Symbol, when recognizable, is the icon of absolute values, more than words. When symbol, language and image meet, the tale becomes the best way to tell stories that become universal from personal.
A little girl turning her back on us, with the background of sea,sky and land all together, all these things generate an image that has a deep impact and meanings: Alessandra Baldoni’s shots are magnets that attract and repel in the same time.
Here is Little Red Riding Hood and the wood, here is Alice with her dreams hold in the tea-pot of the Mad-Hatter and SnowWhite with her apple that is love and death together.
Fables heroines or lonely lonely women, these subject are composed by the artist in shuts of stunning beauty.
The actors are conscious characters, no fakes here but composure, balancing from solemn corporeal stillness to sincere emotional vibration.
Their way to be so enigmatic, in a certain way perverse, becomes sweetness of a restless mind, sensible and hidden in those tracks that like pages of a diary, escort the intimate journey of the photographers’ eye.
The sets of this journey are the background paintings of a nature wild and familiar: woods, the sea, the grass, dead leaves in autumn, romantic skies, her stylistic key is the chromatic saturation ( red- green, light- shadow, life- death, reality- dream ).
Subject are so deeply decontextcualized that appear in ther full- alarming realism: looks, when they don’t turn their back attract the attention of the whole frame. The strenght of those eyes, even if not thought as portraits, leads back to the brutal iperrealism of Diane Arbus’ wide- angle lens, that( just like italian neorealism ) caught the plain truth in people’s faces.
But Baldoni has got her feet well planted in her time and you can see it by far looking at her sense of solitude and restlessness which is so “ XXI century ” .
Her “ mise- en- scene ” more than 800’s tableaux vivant looks like fragments of a storyboard where nothing is accidental; and even when the composition is extremely gauged it never comes to be mannerist.
These screen-plays are the static- action of a personal experience that Alessandra Baldoni wants to pass on and explain, to warrant a universality of sense.
We see actors of unfinished screen-plays looking for a place for them, just like pirandellian subjects in a theathre of absurd.
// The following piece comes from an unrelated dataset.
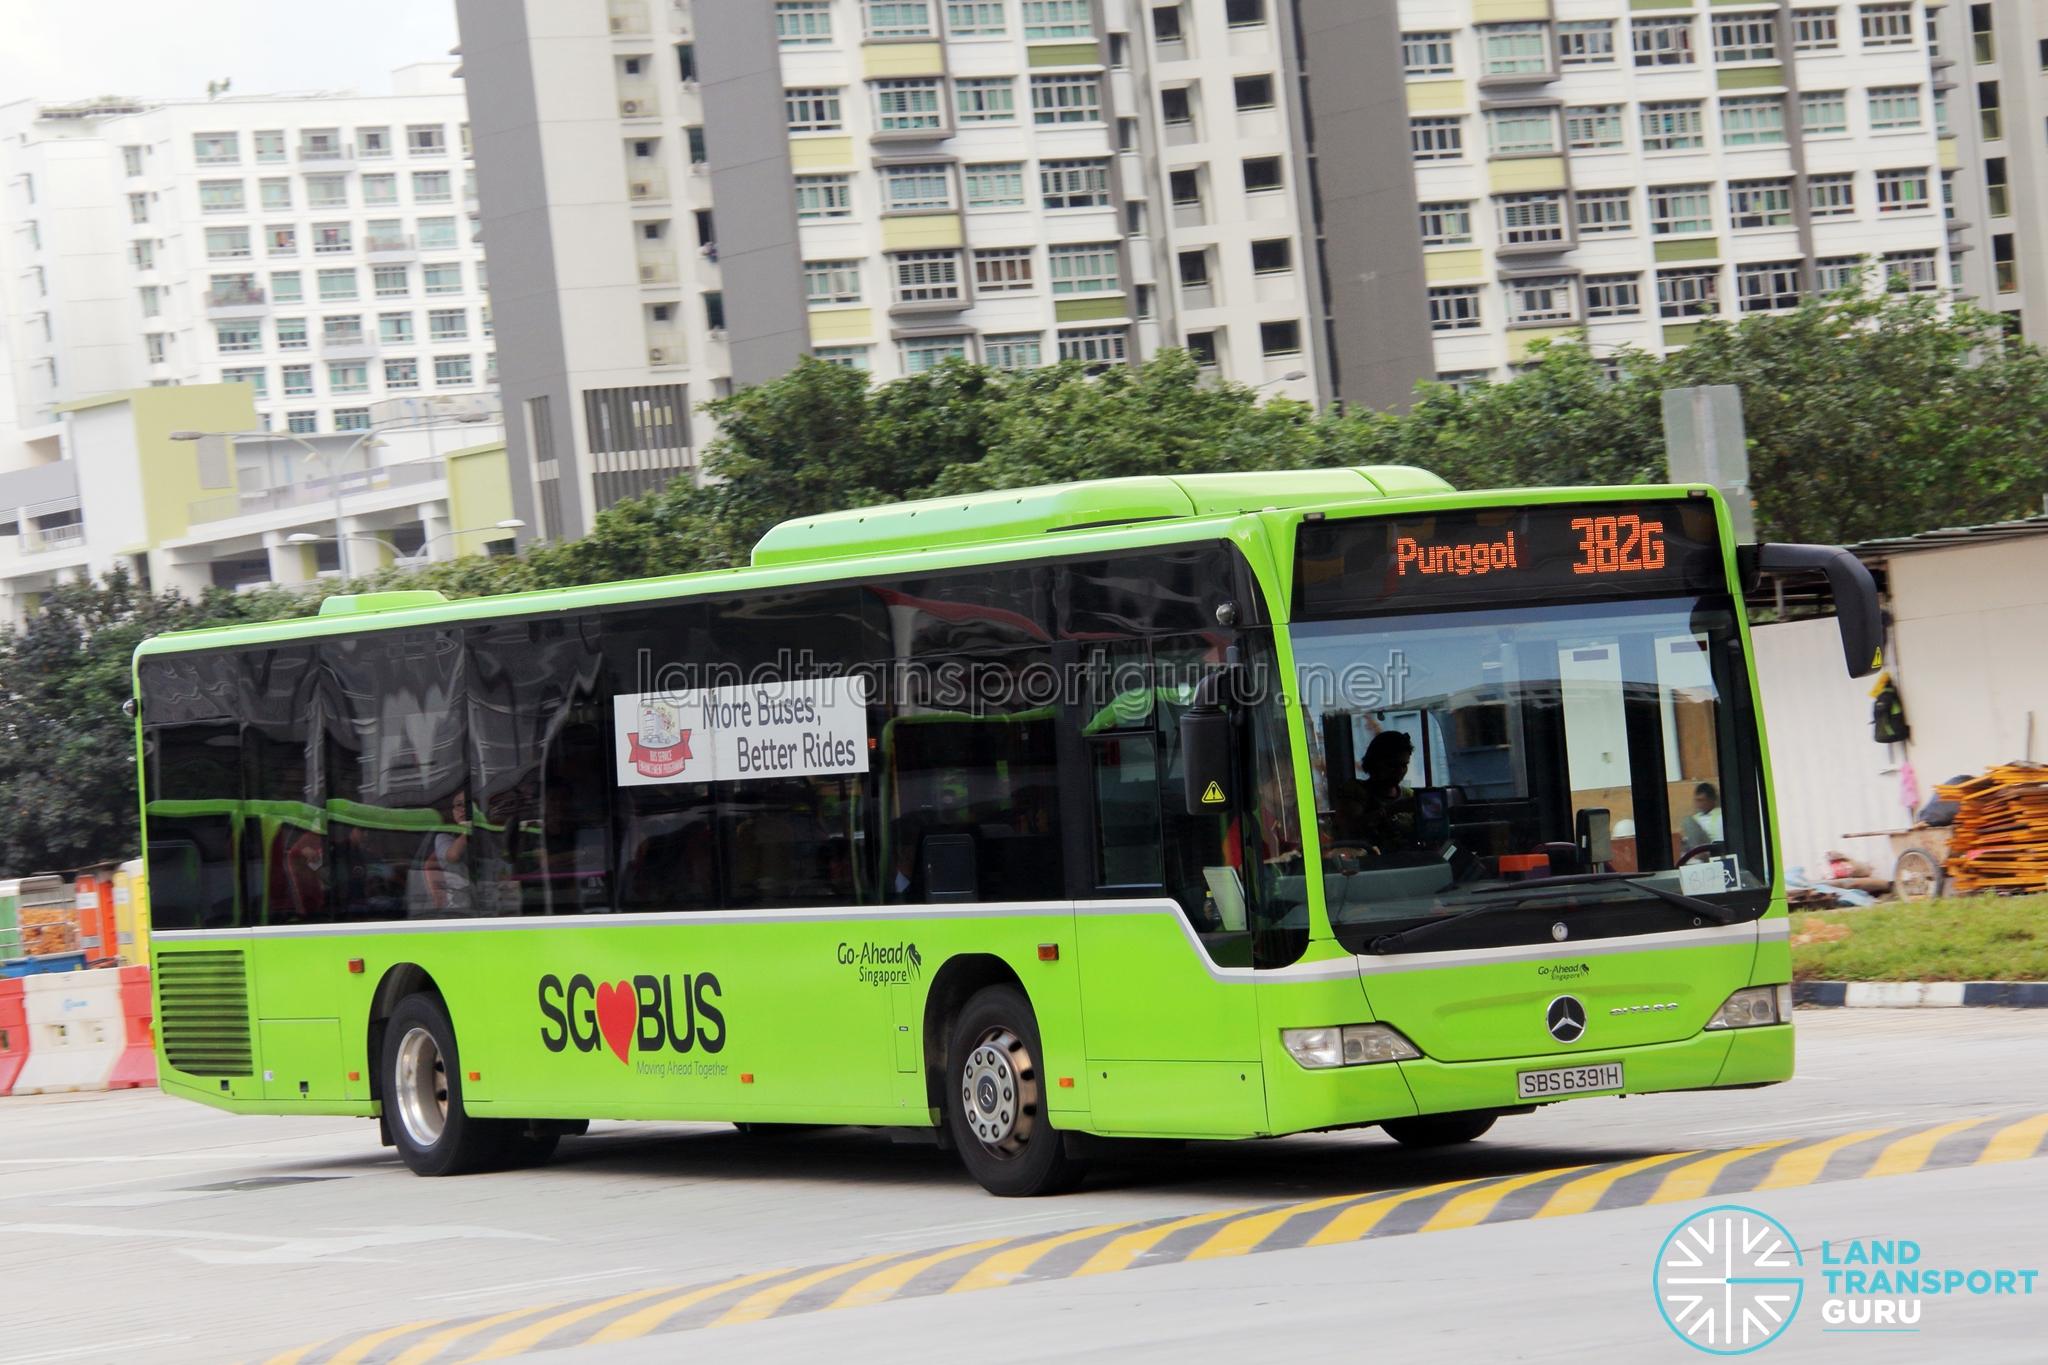 Go-Ahead Mercedes-Benz Citaro (SBS6391H) - Service 382G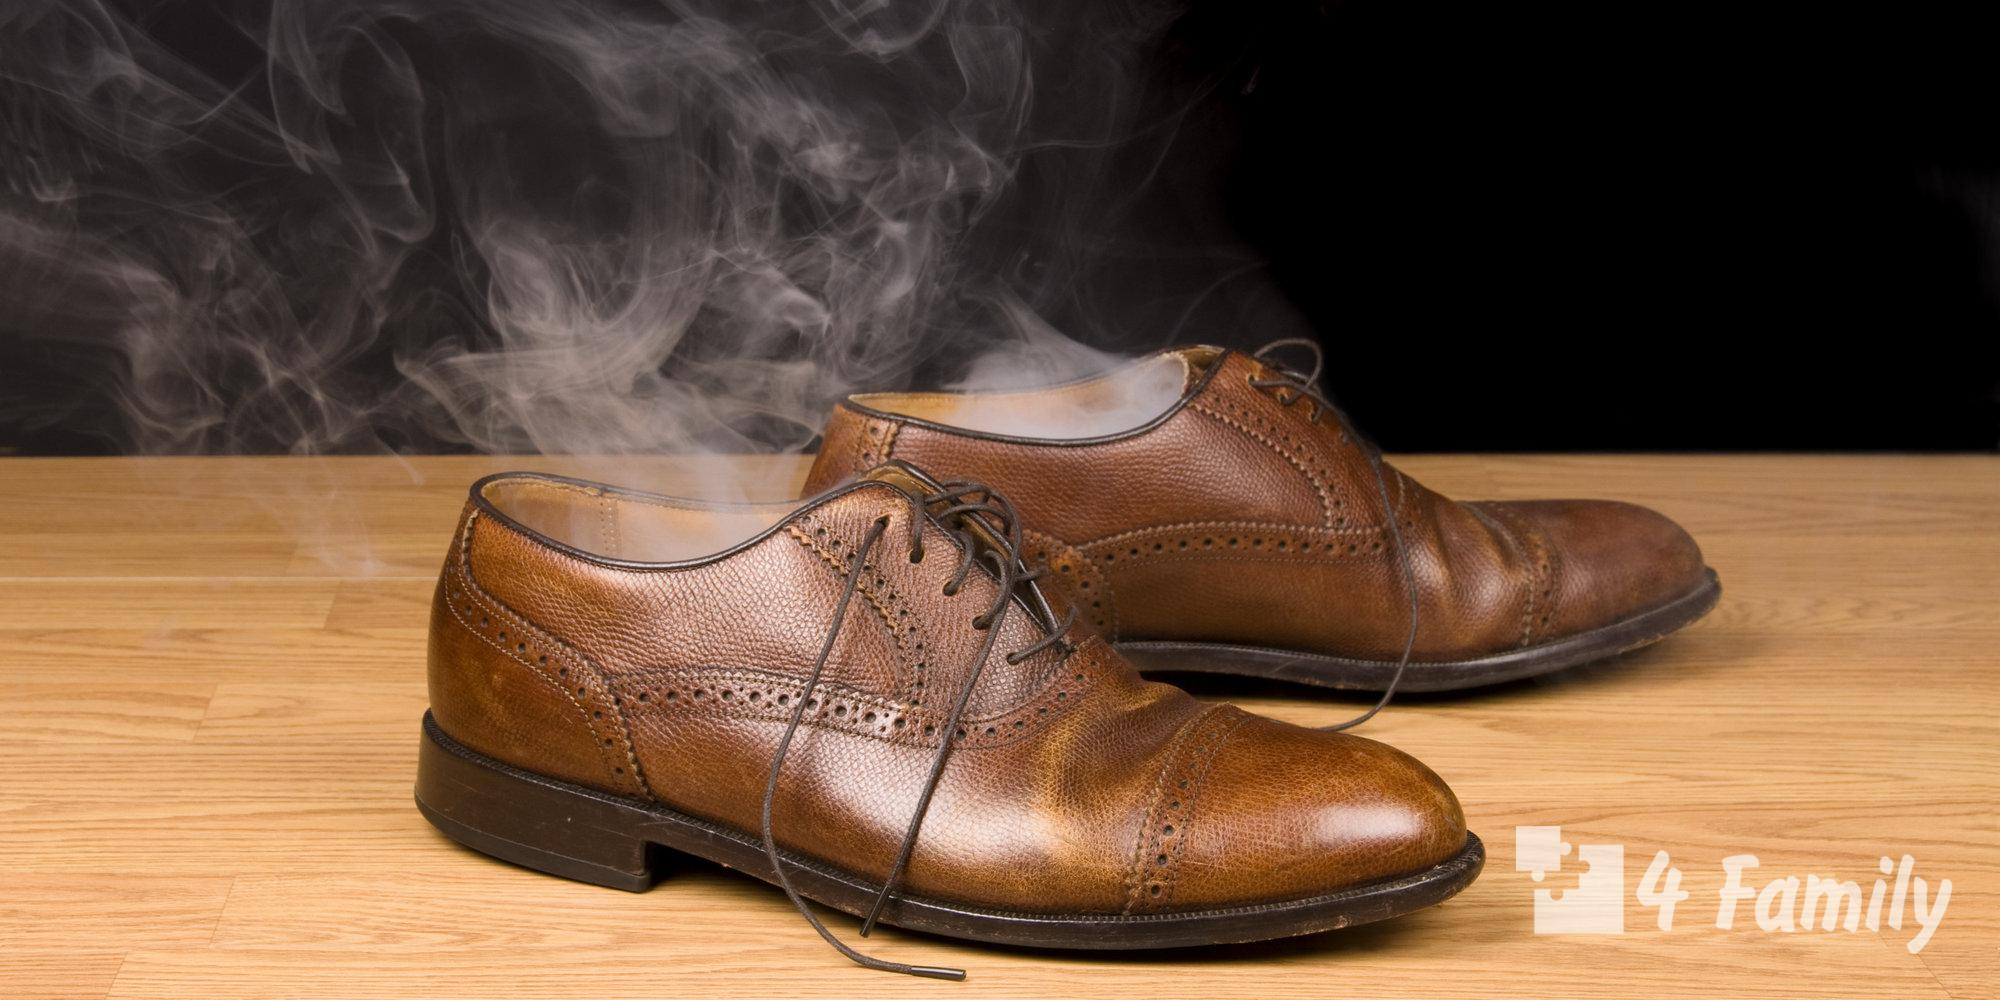 Как избавиться от запаха в обуви в домашних условиях

“What really matters it’s not a privileged moment, but to find a reality of his own; after this all the moments are equivalent”
Ugo Mulas
But there is more than this. Here is nature, in strong colors and clear cuts, in which the human shape moves, alone, always pervaded with a sense of unrestlessness and illness.
Still girls vibrate over landscapes of a sublime echo ( but the calm is only apparent ) with menacing and dramatic skies; or look shyless the observer.
Baldoni’s work is the result of a search drove by a deep need to freeze the frame- choosen among millions of others- and to make it last forever.
This is an emergency more than a need for her: photography is, she says : “ the way to immortalize the world, to tell the world, to tell yourself to the world ”.
The tale is the subject of these photos: chinese- boxes which tells and are told,always going to show infinite and different “ point of view “.